Bug 204084 - libdwarf does not handle SHT_REL relocations properly
Summary: libdwarf does not handle SHT_REL relocations properly
Status: Closed FIXED
Alias: None
Product: Base System
Classification: Unclassified
Component: standards (show other bugs)
Version: CURRENT
Hardware: arm Any
: --- Affects Only Me
Assignee: Ed Maste
Depends on:
Reported: 2015-10-28 06:17 UTC by Steve Kiernan
Modified: 2016-06-13 14:49 UTC (History)
1 user (show)

See Also:
emaste: mfc-stable10-

Sample object file with bogus .SUNW_ctf due to SHT_REL mishandling (12.11 KB, application/x-object)
2015-10-28 06:17 UTC, Steve Kiernan
no flags Details
arc4random.o built with Clang 3.7 (17.38 KB, application/x-object)
2015-10-28 13:11 UTC, Ed Maste
no flags Details

Note You need to log in before you can comment on or make changes to this bug.
Description Steve Kiernan 2015-10-28 06:17:31 UTC
Created attachment 162523 [details]
Sample object file with bogus .SUNW_ctf due to SHT_REL mishandling

When using dtrace on ARM and I tracked it down to what I think is an issue in libdwarf and how it is handling relocations.

From what I've been able to tell from reading various specifications and other documents, relocations of the DWARF sections are supposed to be handled as follows:
1. Given the following:
   P is the address we want to do relocations on
   S is the value of the symbol referenced in the relocation entry
   A is the addendum in the relocation entry
2. For SHT_RELA type, we need to take S, add A, then store the resulting value at the location P
3. For SHT_REL type, we need to take the value at the location P, add S, then store the resulting value at the location P

From what I was able to read in the libdwarf code (contrib/elftoolchain/libdwarf/libdwarf_elf_init.c), it looks like SHT_RELA type is handled correctly. However, for SHT_REL type, there seems to be a missing step. It looks like it is just taking S and storing that at the location P, which ends up clobbering the value that was already at the location P.

This ends up being a disaster for ctfconvert, as you end up with very few to no actual symbols in that binary able to be used in probe statements.

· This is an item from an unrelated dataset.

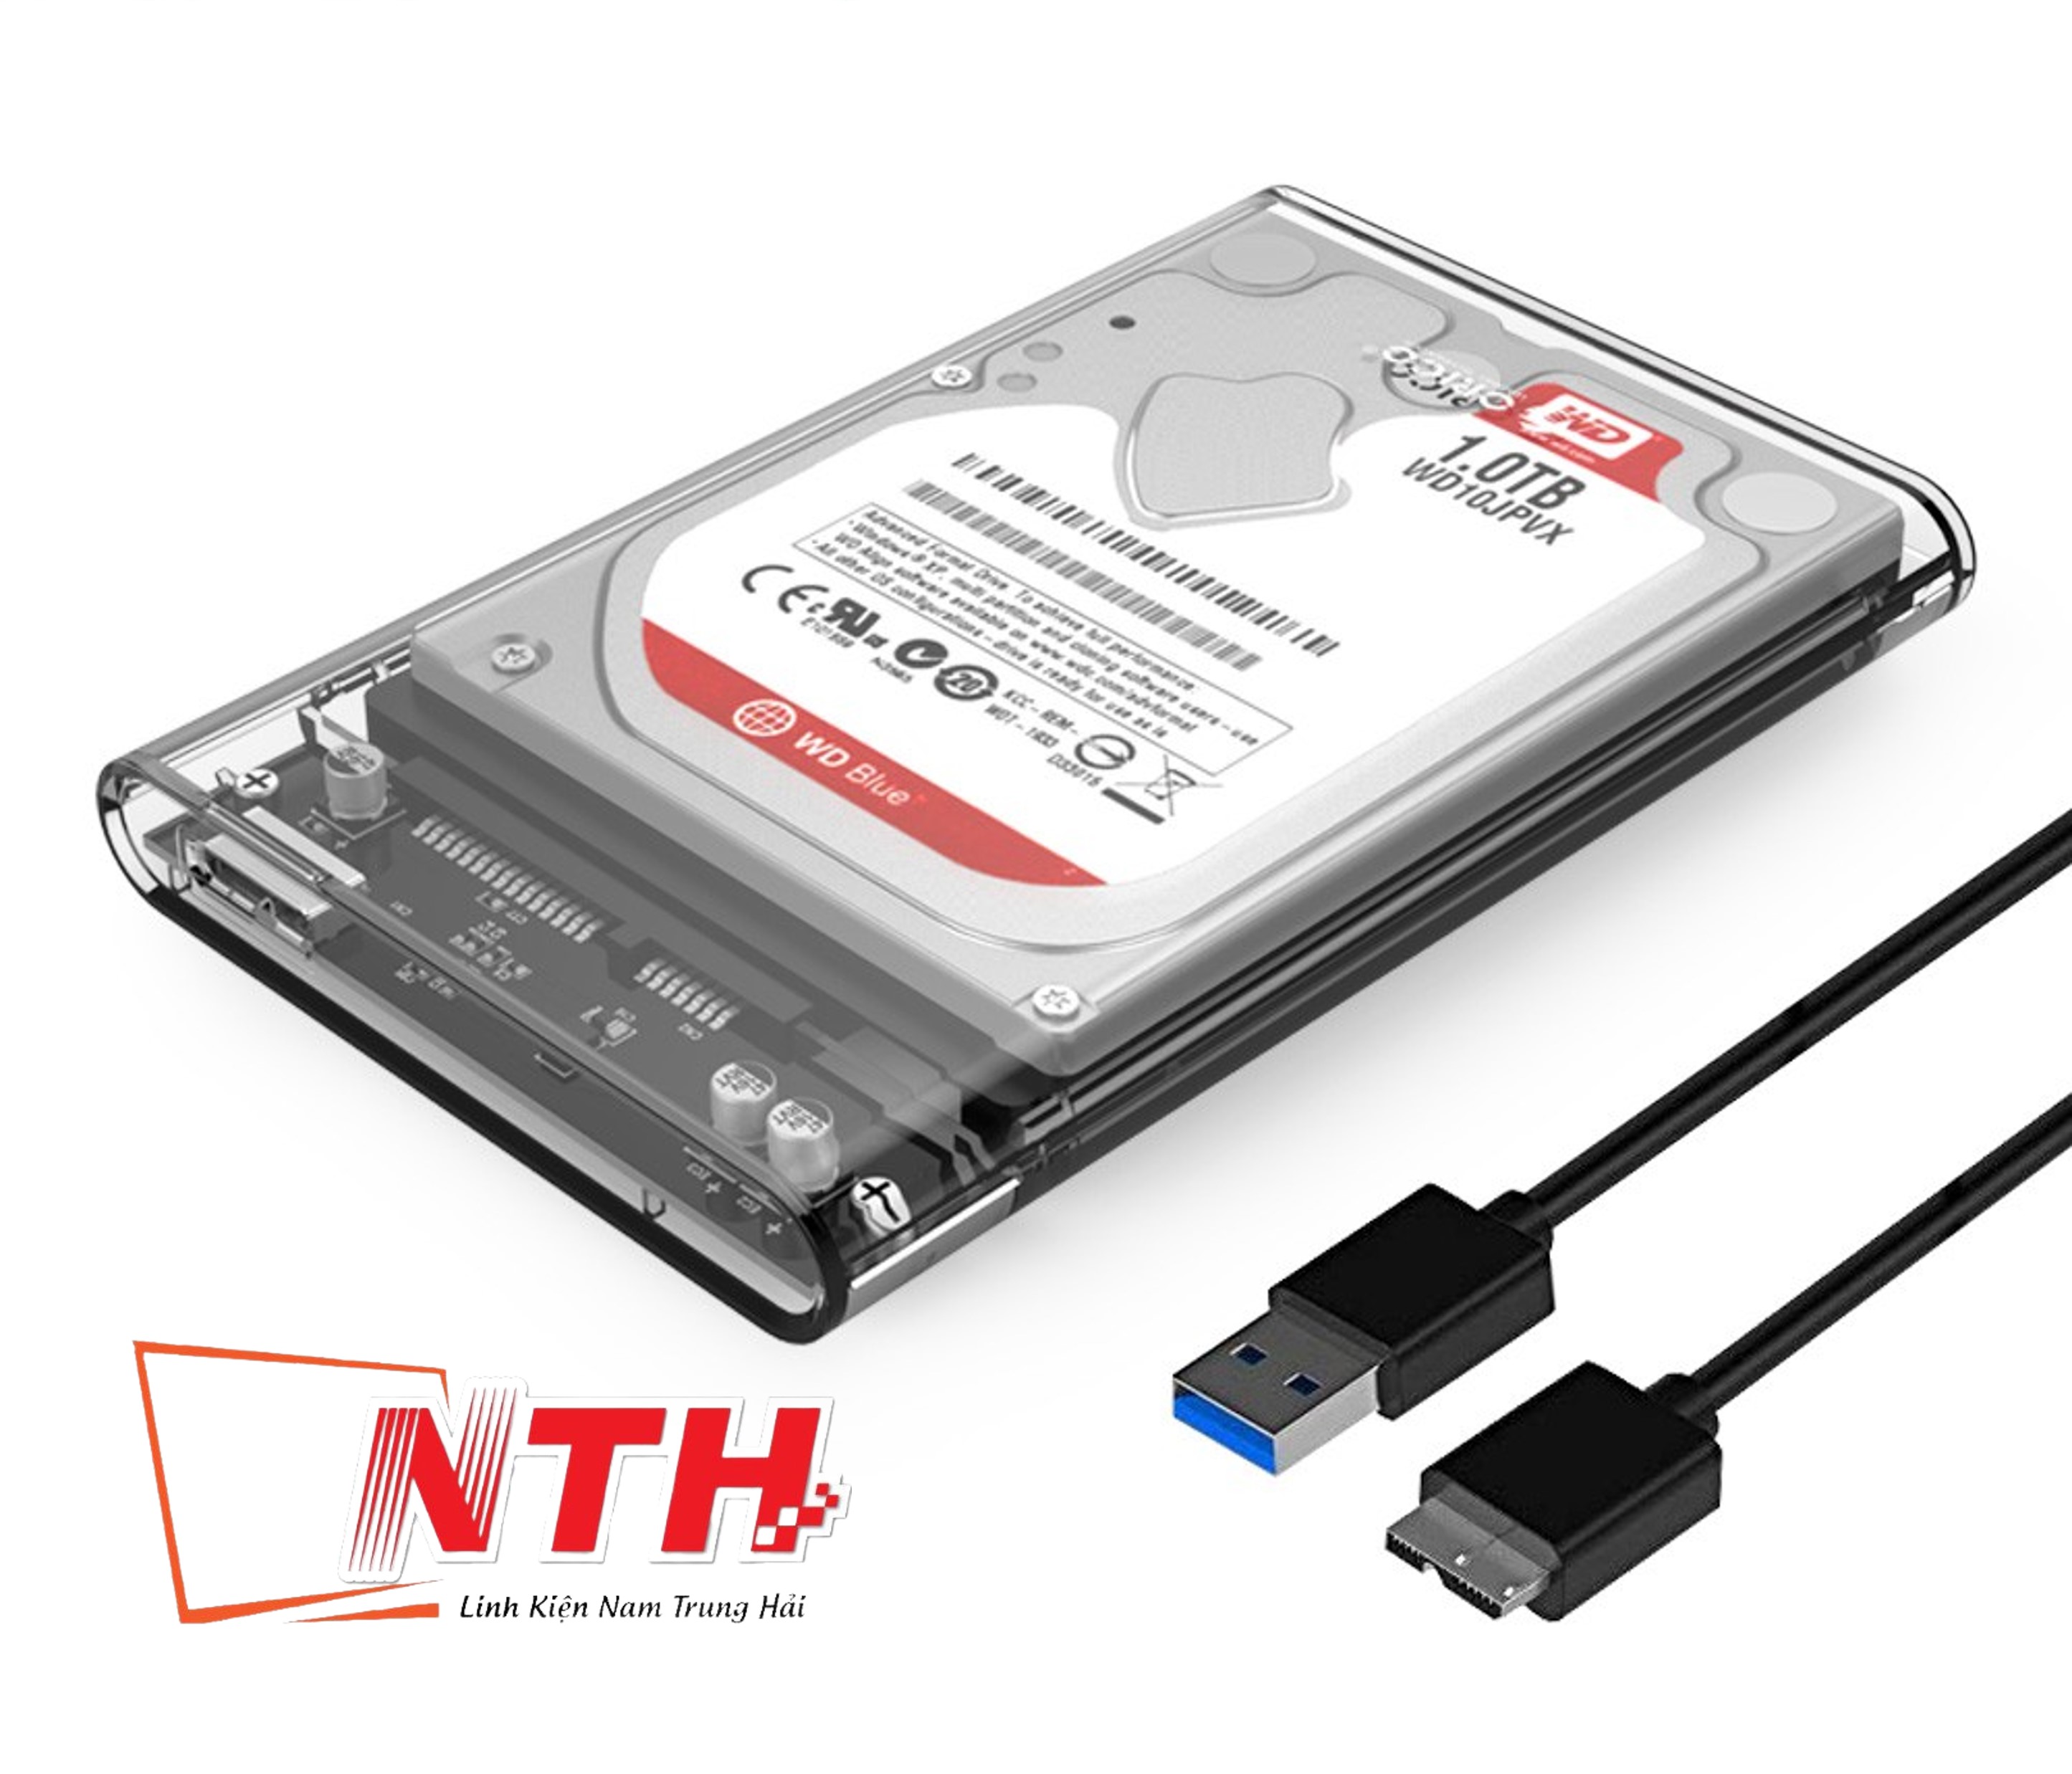 Box Gắn Ổ Cứng Di Động SSD HDD GLOWAY 2.5 Usb 3.0 Tốc Độ 5Gb/s Nhựa Abs Trong Suốt

See the attached arc4random.o file. This was built with the clang 3.5.1 for ARM. You should be able to use ctfdump on it to see the bogus .SUNW_ctf section data generated by ctfconvert as the code currently exists (with the flawed REL relocation handling.)
Comment 1 Ed Maste freebsd_committer 2015-10-28 13:11:36 UTC
Created attachment 162532 [details]
arc4random.o built with Clang 3.7
Comment 2 Ed Maste freebsd_committer 2015-10-28 14:19:25 UTC
Your analysis looks good - I suspect it works on Clang 3.6+ because the required relocations have 0 as the A value at P.
Comment 3 commit-hook freebsd_committer 2016-03-11 16:24:51 UTC
A commit references this bug:

Author: emaste
Date: Fri Mar 11 16:24:39 UTC 2016
New revision: 296663
URL: https://svnweb.freebsd.org/changeset/base/296663

  libdwarf: fix SHT_REL relocation processing

  Relocation of type SHT_REL must use the current value as addend.

  PR:		204084
  Obtained from:	NetBSD libdwarf_elf_init.c v1.4

Comment 4 Ed Maste freebsd_committer 2016-03-14 02:04:00 UTC
Proposed rework in https://bugs.freebsd.org/bugzilla/show_bug.cgi?id=204084
Comment 5 Ed Maste freebsd_committer 2016-04-05 17:51:12 UTC
HEAD has NetBSD's version of the fix, and a different version is now committed upstream as r3438: https://sourceforge.net/p/elftoolchain/code/3438/

I anticipate importing an updated ELF Tool Chain version before 11.0, and where possible merging libelf and libdwarf fixes to stable/10.

Steve, can you confirm the fix (either with HEAD or upstream ELF Tool Chain)?
Comment 6 Ed Maste freebsd_committer 2016-06-10 17:26:28 UTC
Steve confirmed that this fixes the issue; need to investigate the merge to stable/10 still.
Comment 7 Ed Maste freebsd_committer 2016-06-13 14:49:45 UTC
libdwarf in stable/10 is rather old compared to HEAD; it does not even support REL relocations and thus the bug in REL relocation handling does not exist there. This is fragile and toolchain changes in 10.x could turn the lack of REL relocation handling into a real problem on stable/10. Since the toolchain is unlikely to be changed there just leave things as they are.